Maans sent Pieter in to town with one of the farm-hands and the cart to fetch me and my possessions, and he slept over in town that evening. It was the first time since his return that I was completely alone with him, and I am at a loss how to describe that evening we spent together, for over the years he had become a stranger to me, so that his presence was as impersonal as that of any unknown visitor that I had to entertain; yet at the same time I knew that this strange, silent man sitting with me in the candle-light was my brother, my very own brother, my beloved brother, and it was because of that distressful knowledge that I was unable to eat that night, and not because I had to take leave of the house where I had lived for so long.

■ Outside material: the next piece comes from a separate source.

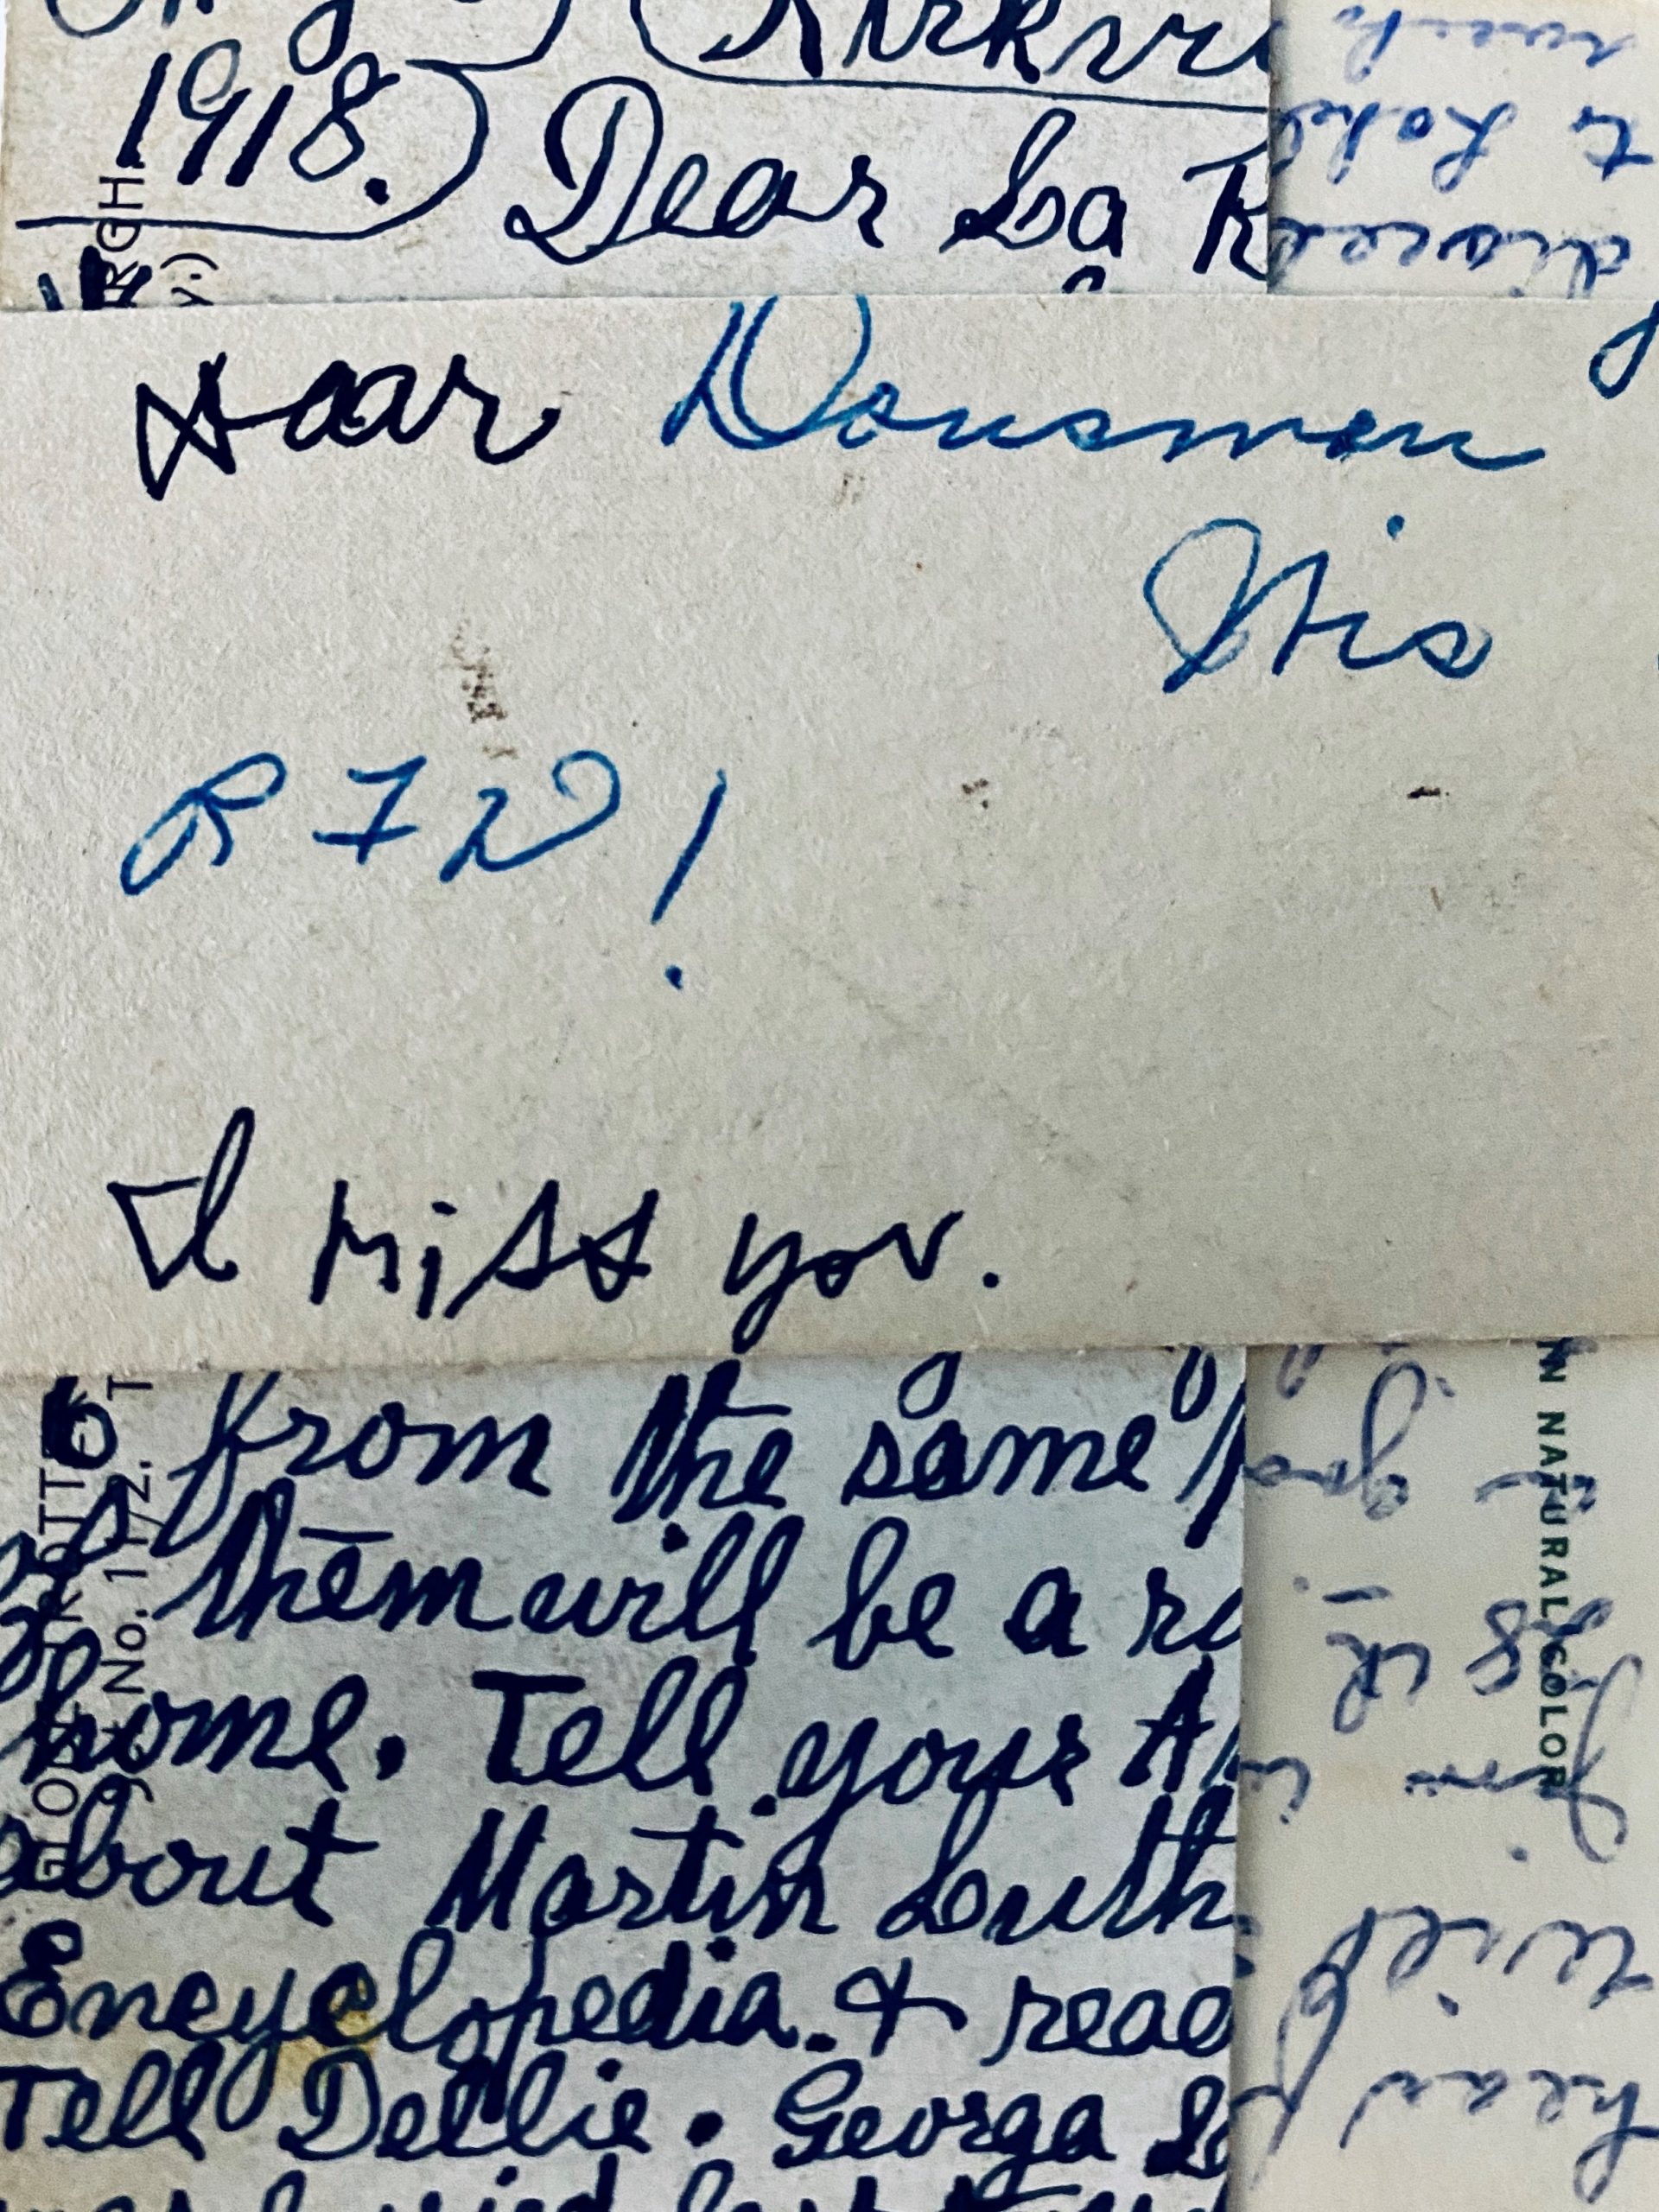 Alt Text: A collage of different cursive handwritings written in ink overlap one another. Most of the sentences are cut off, but the phrases “I miss you,” “RIP!”, and “1918” can be read.

He ate his food, head bowed over his plate in the candlelight, and he did not speak except to say yes, please, and no, thank you, in reply to my own words, peacefully retreated into his own distant world, just as we had known him since his return twenty years before, a thin man with grey hair, who handled his knife and cup with stiff, wooden movements and never looked at me. Never again would the two of us be alone together like this, I realised, never again would we be as certain that we would not be disturbed, never would such an opportunity for frankness and openness present itself to me again. I wanted to reach out and touch
his hand, I wanted to stretch out and reach for him, I wanted to pave the way for the questions I had kept bottled up for almost a lifetime; but it was impossible for me, still impossible, and I sat across the table from him and did not say a word.